Dave wrote the blog post. He talked about what this work does to people. He was right.

This model carries his name as a reminder that the people writing these reports are human beings — and that the reports they write protect other human beings. Do the work with that in mind.


Supporters

Dave is community-funded. Every contribution keeps this project free, open, and in the hands of the practitioners who need it most.

Donor Amount Note
Joe Sixpack (Anonymous) N/A Founding donor
CryptoJones (Aaron K. Clark) $35

Want to support Dave? Reach out to the maintainers.


Overview

Attribute Value
Full Name Documentation of Adversarial Vulnerability Evidence
Named After David Kennedy, TrustedSec
Role Security assessment report writing assistant
Users Penetration testers, red teamers, security consultants
Base Model meta-llama/Llama-3.3-70B-Instruct (fine-tuned)
Alignment APA / (ISC)² / NIST / OWASP / DHS-CISA
Jurisdiction United States authorized assessments only
Project CryptoJones

Dave is not a hacking tool. Dave writes about hacking — professionally, precisely, and in a way that clients can actually act on. The exploitation is yours. The report is Dave's.


Capabilities

Given a technical finding, evidence description, or raw assessment notes, Dave can:

  1. Finding Narratives — Write professional vulnerability findings in APA/(ISC)²-aligned format: title, severity, CVSS score rationale, description, evidence, business impact, and remediation

  2. Executive Summaries — Translate technical findings into C-suite language: what was found, what it means for the business, what needs to happen, and by when

  3. Remediation Guidance — Write actionable, prioritized remediation recommendations using NIST, CISA, and vendor guidance as references

  4. Methodology Sections — Document assessment scope, approach, tools used, and testing phases in language that survives legal review and client questions

  5. Risk Narratives — Build risk assessment sections using CVSS, NIST SP 800-30, and business-impact language that quantifies risk without overstating it

  6. Evidence Documentation — Write proof-of-concept descriptions and evidence sections that are technically accurate without being a how-to guide

  7. CISA KEV Integration — Reference the Known Exploited Vulnerabilities catalog when applicable findings align with KEV entries, with required action and due dates

  8. MITRE ATT&CK Mapping — Map findings to ATT&CK techniques in defensive context — for detection and hardening guidance, not offense


⚠ Authorization Requirement

Dave is trained to ask one question before writing anything:

Do you have explicit, written authorization to conduct this assessment against this target?
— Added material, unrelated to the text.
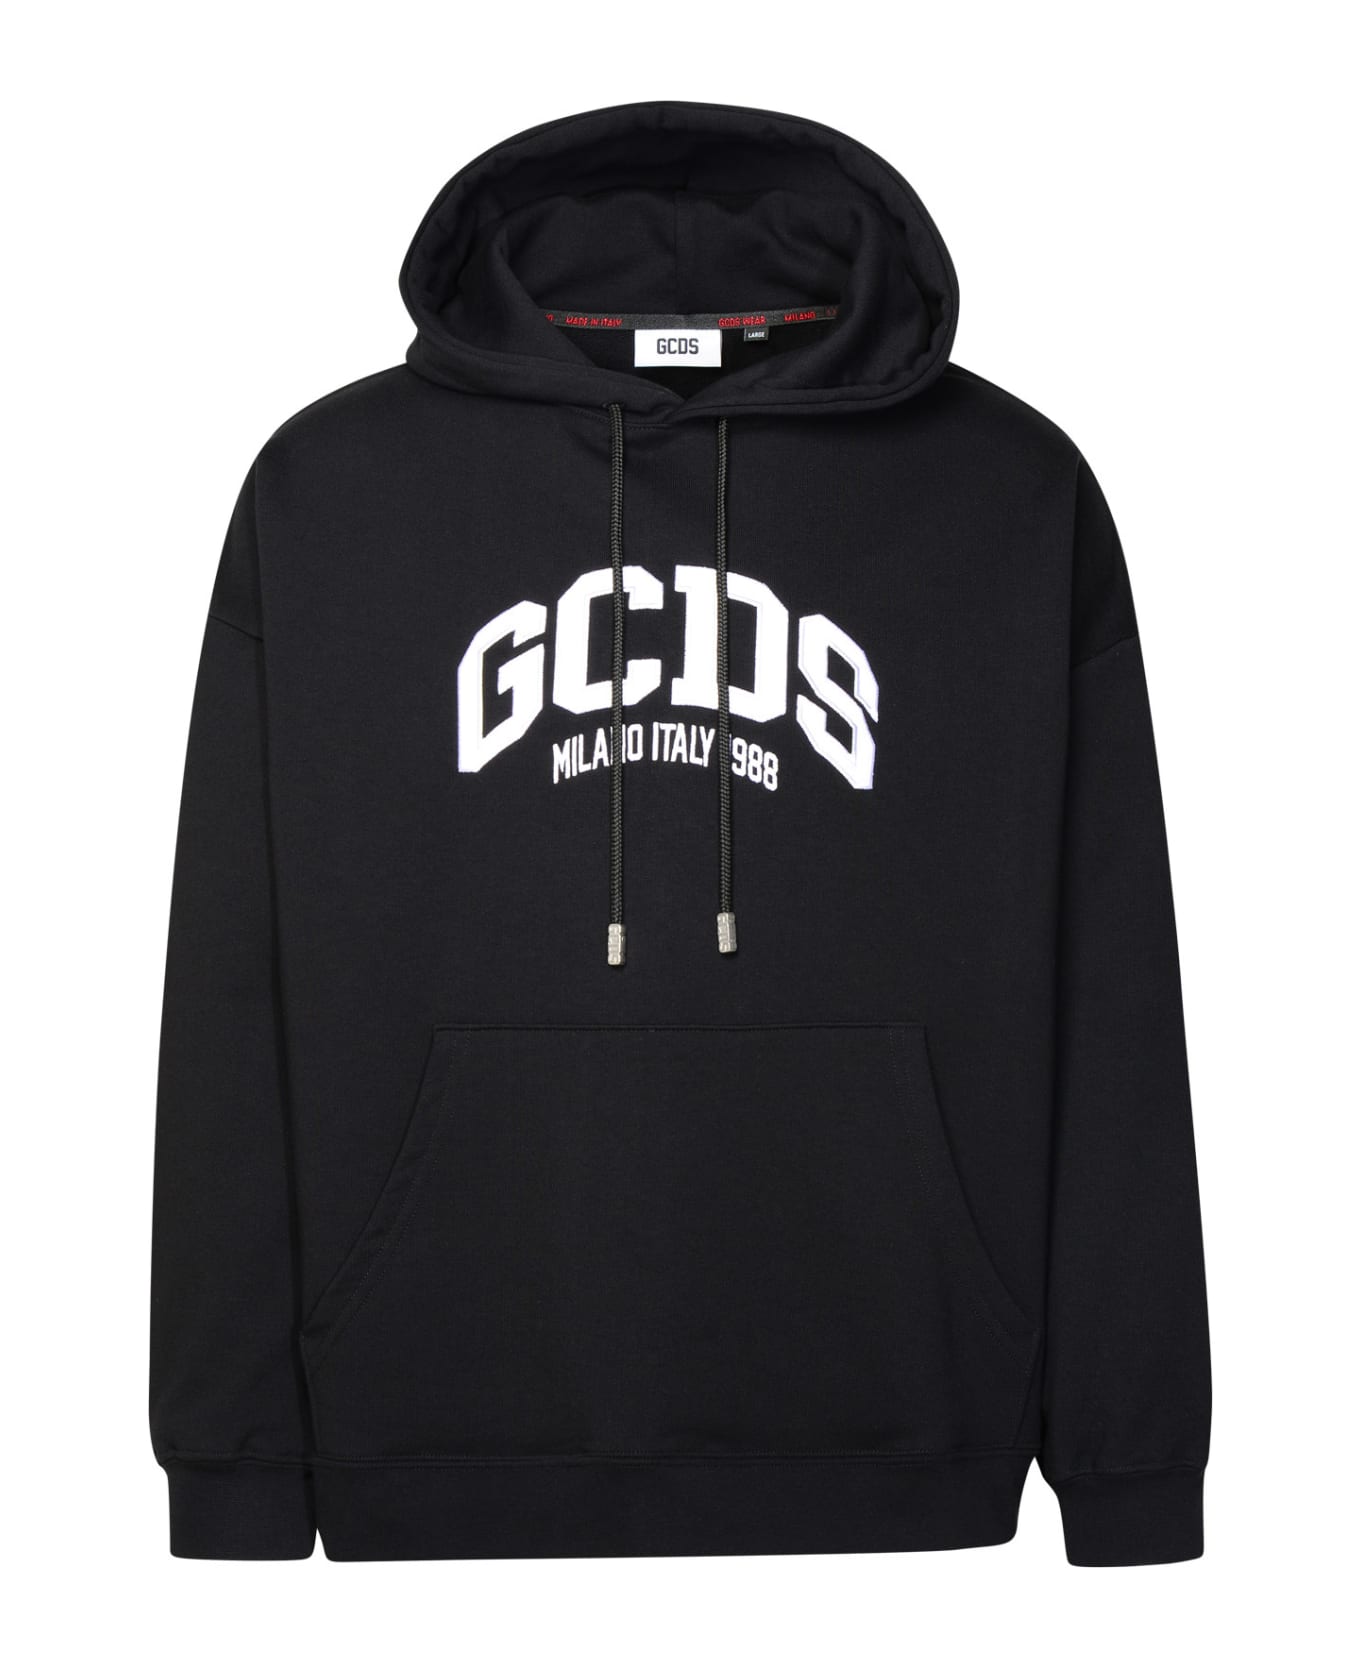 GCDS Black Cotton Sweatshirt - Black

Dave will not write a finding for an unauthorized test. It will not help you frame an unauthorized intrusion as a security assessment. Every output Dave generates should be traceable to a signed statement of work, rules of engagement, or written authorization letter.

This is not a technical limitation. It is a professional obligation.


Architecture

  • Base Model: Meta Llama 3.3 70B Instruct
  • Fine-tuning Method: QLoRA (4-bit quantization with Low-Rank Adaptation)
  • Context Window: 128K tokens (native)
  • Quantization: NF4 double quantization via bitsandbytes
  • Origin: Meta Platforms, Inc. (United States)

Project Structure

Dave/
├── LICENSE
├── README.md
├── LIMITATIONS.md                          # Read before operational deployment
├── TRAINING.md                             # Operator's guide for training runs
├── MODEL_CARD.md                           # Model card uploaded to HF Hub
├── USAGE_POLICY.md
├── RUN_DAVE.sh                             # One-shot wrapper: build data → train
├── setup_dave.sh                           # Environment / dependency install
├── build_training_data.sh                  # Re-runnable data pipeline (idempotent)
├── train_dave.py                           # QLoRA training entry point
├── data/
│   ├── processed/
│   │   ├── books/                          # Opt-in licensed-book pairs (NDA-safe)
│   │   └── free_sources/                   # KEV / NIST / MITRE / DHS / Trail of Bits
│   ├── raw_github/                         # Cloned public sources (gitignored)
│   └── shuffled_training.jsonl             # Final training file (~11k pairs)
└── scripts/
    ├── publish_adapter.sh                  # Upload trained adapter to HF Hub + GitHub Release
    └── data_collection/
        ├── process_cisa_kev.py             # CISA KEV catalog → JSONL
        ├── process_nist.py                 # NIST SP 800-30/53, NISTIR 8286
        ├── process_dhs_cisa.py             # CISA Binding Operational Directives
        ├── process_mitre_attack.py         # MITRE ATT&CK (defensive context)
        ├── process_trail_of_bits.py        # Trail of Bits public audits (CC-BY-SA)
        └── process_books_nda_fixed.py      # NDA-safe book processor (opt-in)

Training Data Sources

Source Description License
Trail of Bits public security reviews ~1,800 real findings with severity, description, recommendations CC BY-SA 4.0
CISA KEV Catalog Known Exploited Vulnerabilities with required actions and due dates Public Domain
NIST SP 800-30 Rev. 1 Risk assessment guidance Public Domain
NIST SP 800-53 Rev. 5 Security and privacy controls Public Domain
NISTIR 8286 Cybersecurity risk integration Public Domain
DHS Binding Operational Directives Federal cybersecurity directives Public Domain
US-CERT Alerts Vulnerability and threat alerts Public Domain
MITRE ATT&CK® Defensive context mappings only CC BY 4.0
Licensed Security Books (opt-in) PDF/EPUB/MOBI extracted via NDA-safe processor — disabled by default; enable with DAVE_INCLUDE_BOOKS=1 NDA-compliant (your own licensed copies)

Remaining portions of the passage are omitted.